Мартын чуть не увел струю из канистры на стол.
— Ты аккуратней лей, разольешь!
— Нет, постой, — Мартын опустил канистру на пол. — С кем это ты работал? С Ксенией? Или с Митей, мир его праху?
— С Митей я только разговаривал. Забавный парень, жаль, себя разрушил. У него была любопытная концепция. Понимаешь, он рассматривал мир как акт совместного воображения бога и дьявола. Эта парочка договорилась о базовых понятиях, а в конкретных реалиях пошла игра воображения. Что-то вроде одного сна на двоих. Наше время идет быстро, сгущеннее, чем их явь. Как и полагается во сне.
— Не понял, — сморщился Мартын, — кто чей сон?
— Мы все их сон.
— Чей это — их?
— Ну, бога и дьявола. Иными словами, сущности добра и сущности зла. А они, в свою очередь, порождение сна Мити. Он жаловался, что удерживал их в такой форме существования большим усилием воли. Чуть не вспотел.
— Кто вспотел? — взревел побагровевший Мартын.
— Митя.
Виктор не обращал внимания на перепалку. Незаметно выплеснув остатки самогона под стол, он налил себе чаю. Отхлебнул и поджав под себя ноги, расположился на кошме, кинутой на широкую скамью. Уперся спиной в стену и от удовольствия закрыл глаза. Ныло все тело. Целый день помогали грузиться большой партии разъезжающихся. Несколько десятков двухэтажных автобусов забили стоянку, народ волновался, кто-то перепутал списки, чуть не возникла паника. Хорошо, вовремя разобрались, но сколько чемоданов, коробов, узлов пришлось перетаскать — ужас! Да и детей нельзя было оставлять под ногами у суетливо мечущихся взрослых. Двоих сразу на плечо и к автобусу. Главное — не перепутать номер на бирках, а детей много, они ерзают, кричат что-то своим друзьям и подружкам, появившимся за месяцы, проведенные в этом человеческом котле…
— Ах ты, манихей хренов!
Виктор вздрогнул и чуть не упал со скамьи. Могучий рык Мартына согнал дремоту. Месроп невозмутимо нюхал огурец, хитро поглядывая на Сармата. Немного посопев на Месропом, Мартын сел и, к изумлению Виктора, засмеялся.

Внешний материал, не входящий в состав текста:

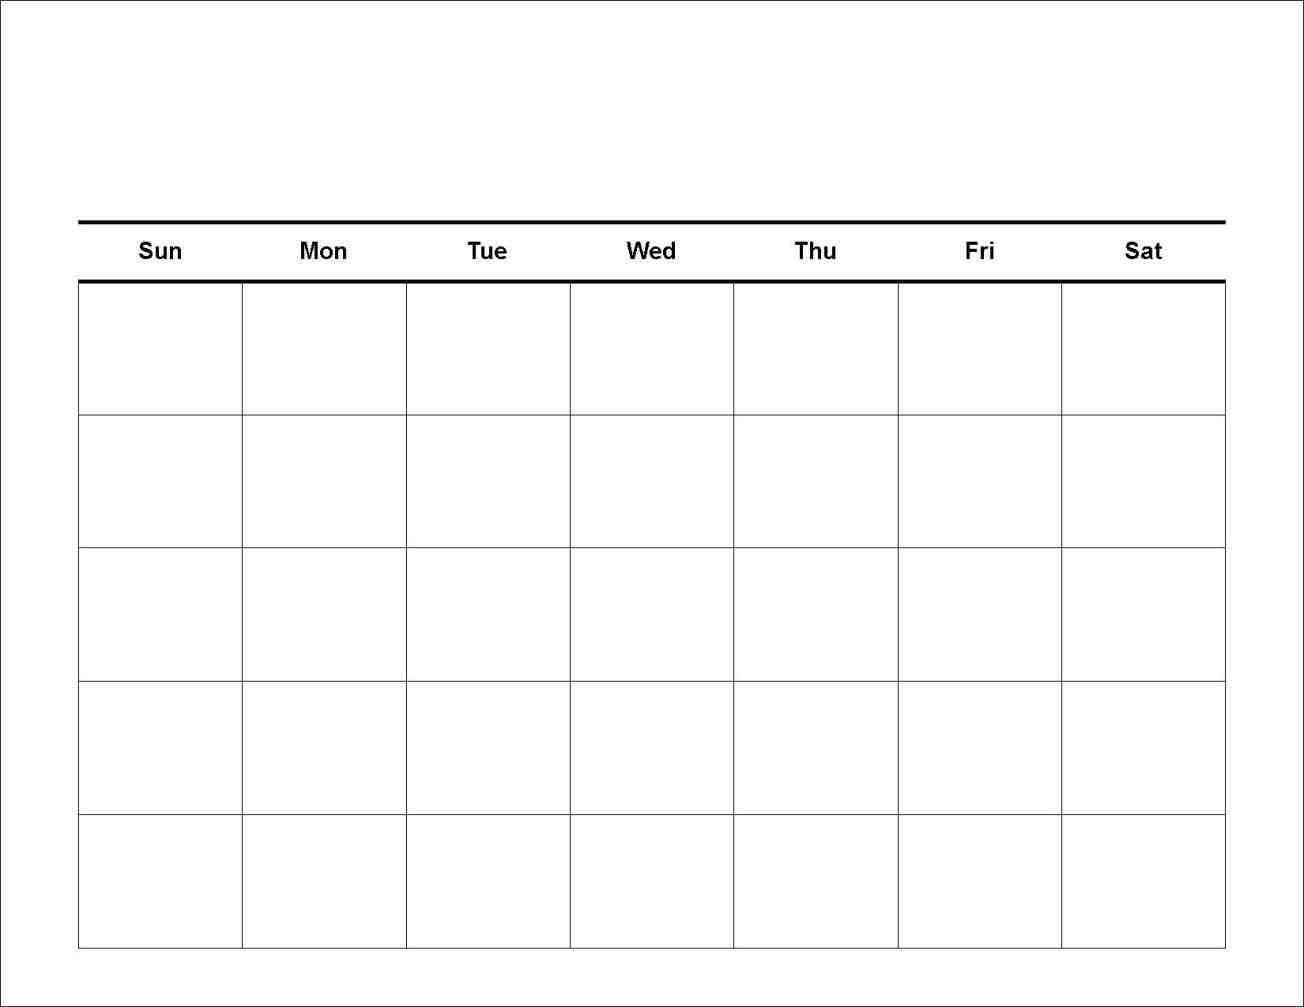 Free 7 Day Blank Calendar | Igotlockedout for Blank 7 Day Week Calendar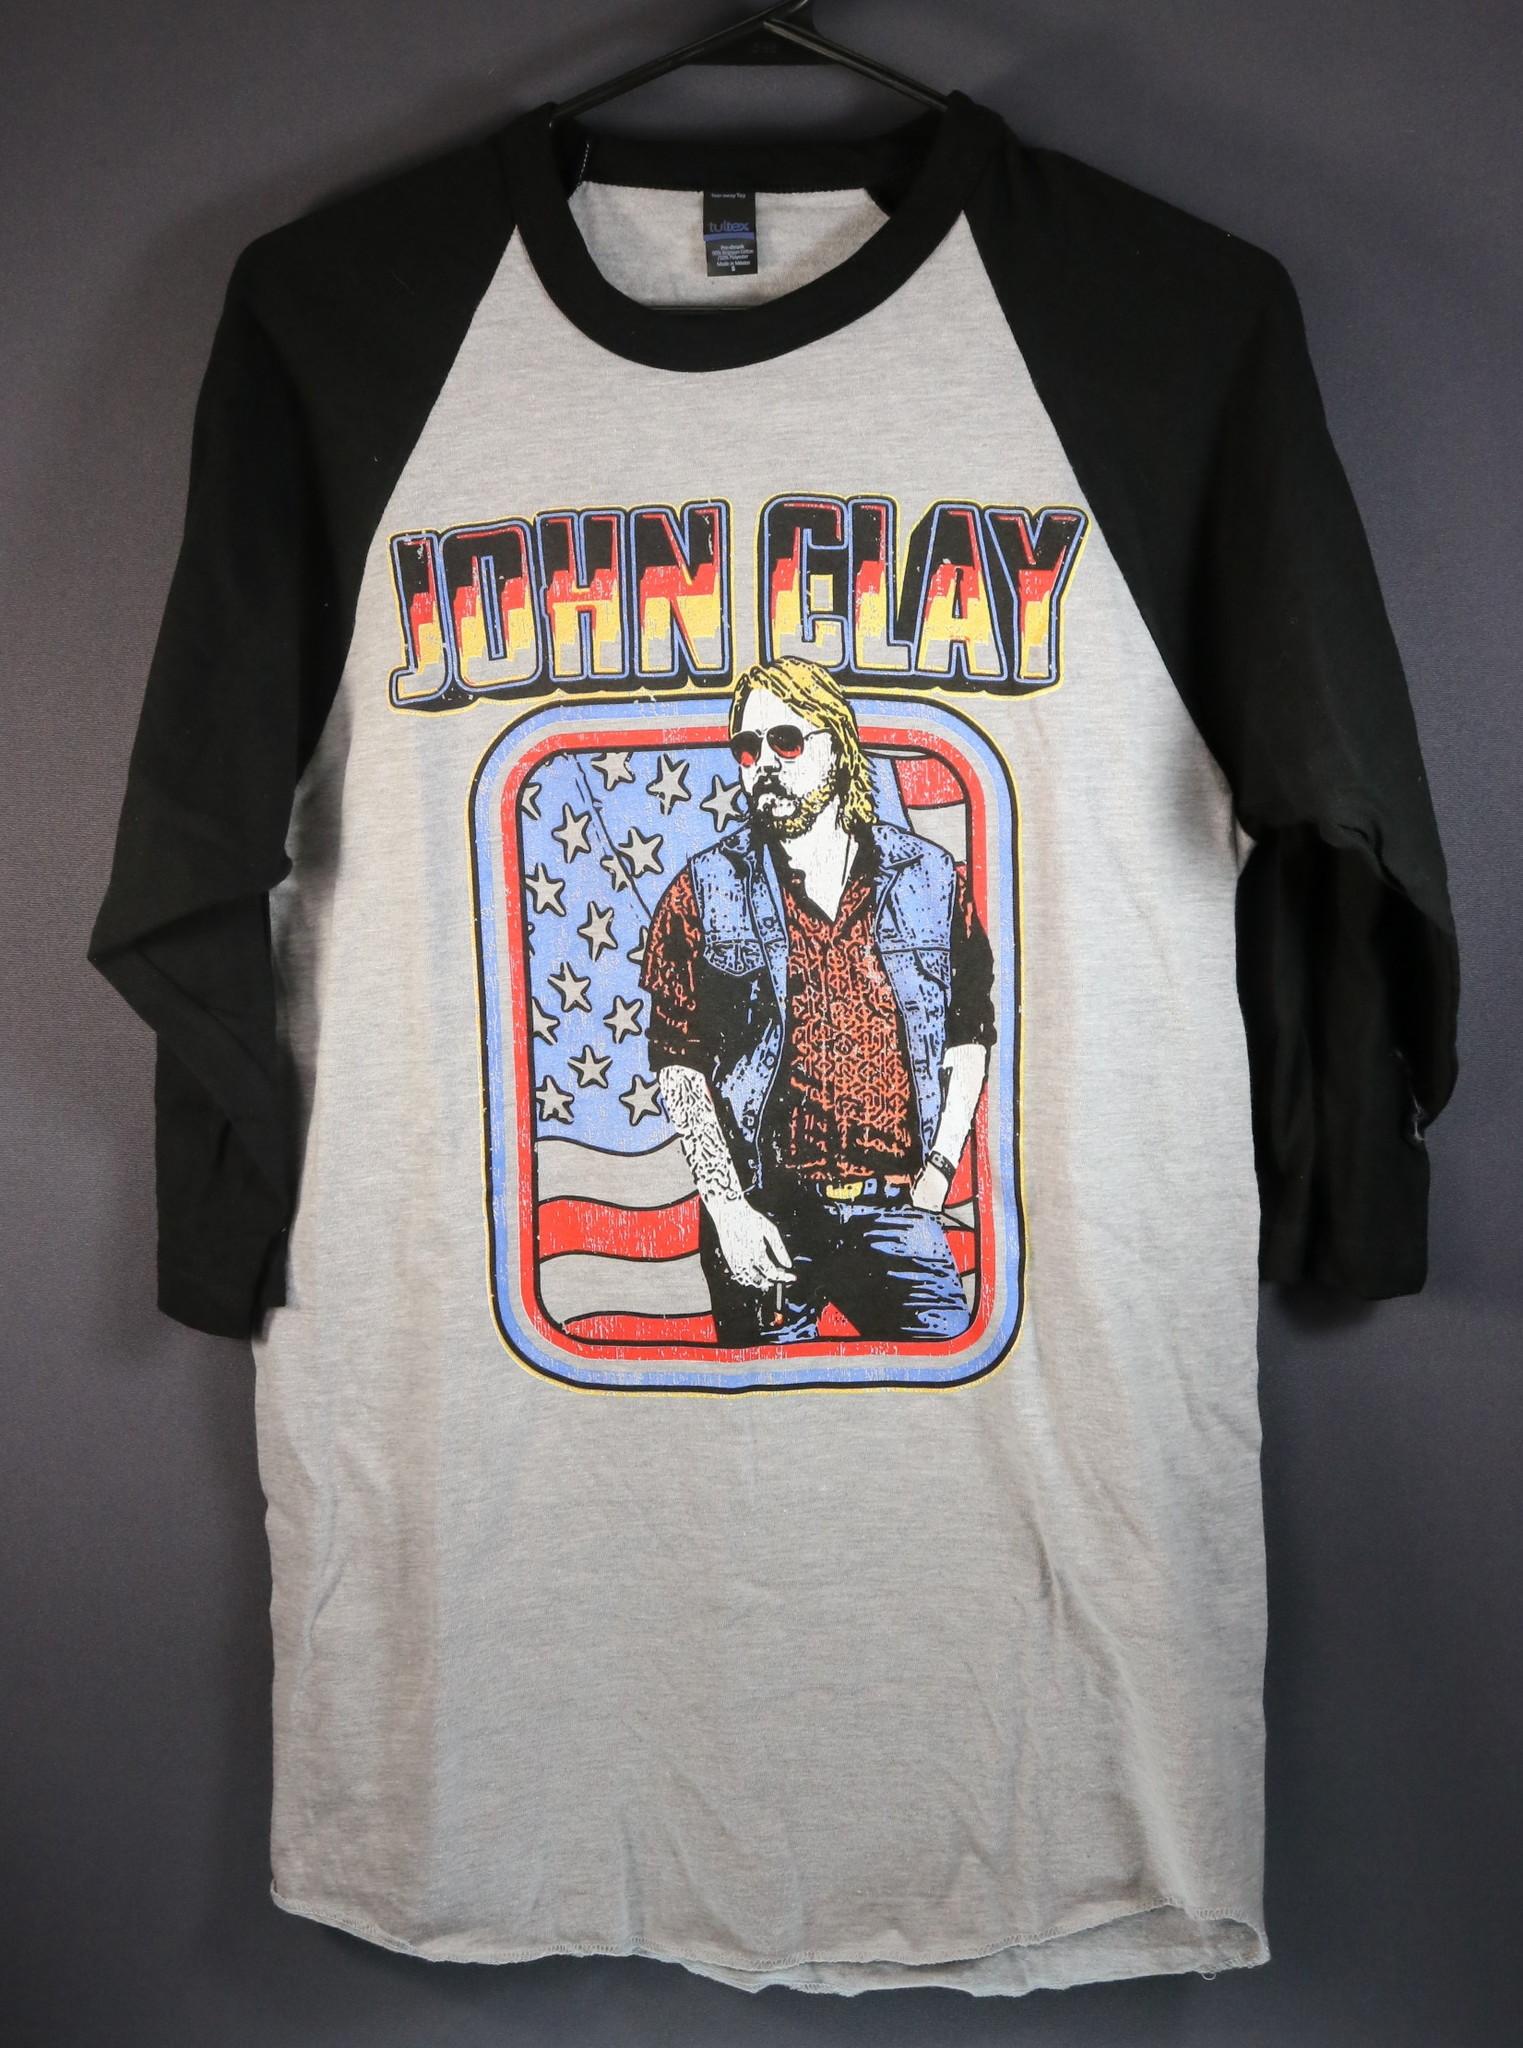 Local Music NEW John Clay 3/4 Sleeve Baseball T-Shirt - M

— Ну, чего там не разобрали? — вмешался Сармат.
— Почему же, — спокойно ответил Мартын, — мы во всем разобрались. И если Месроп не хочет афишировать свою деятельность, то на здоровье. Я, конечно, знаю, да и Виктору полезно будет узнать, что наш стратег всего-навсего резидент…
— А то он не знает! — удивился Сармат.
— Не знаю, — сказал Виктор. — Какой еще резидент?
— Резидент полевой социографической комиссии ООН, — раздельно произнес Месроп. — Но это, честно говоря, ничего не значит. И то, что я переманил к нам бойцов из регуляра, никак не связано с моей деятельностью в качестве социографа. Положа руку на сердце или на что угодно, я даже не могу сказать, существует ли еще эта комиссия. Доктор Мальстрем мог год назад урезать фонды, и комиссия приказала долго исследовать.
— Вот и замечательно, — сказал Сармат. — Давайте сворачиваться, завтра с утра дел… — Он зевнул, прикрыв рот ладонью.
Месроп и Мартын переглянулись.
— Так время же еще какое? — Мартын подержал в руке канистру и опустил. — Только сели!
— Ну так и сидите, — разрешил Сармат, — а я прилягу.
Он вышел в соседнюю комнату, где на полу вповалку спали дружинники, и через пару минут его могучие раскаты влились в сводный хор храпунов.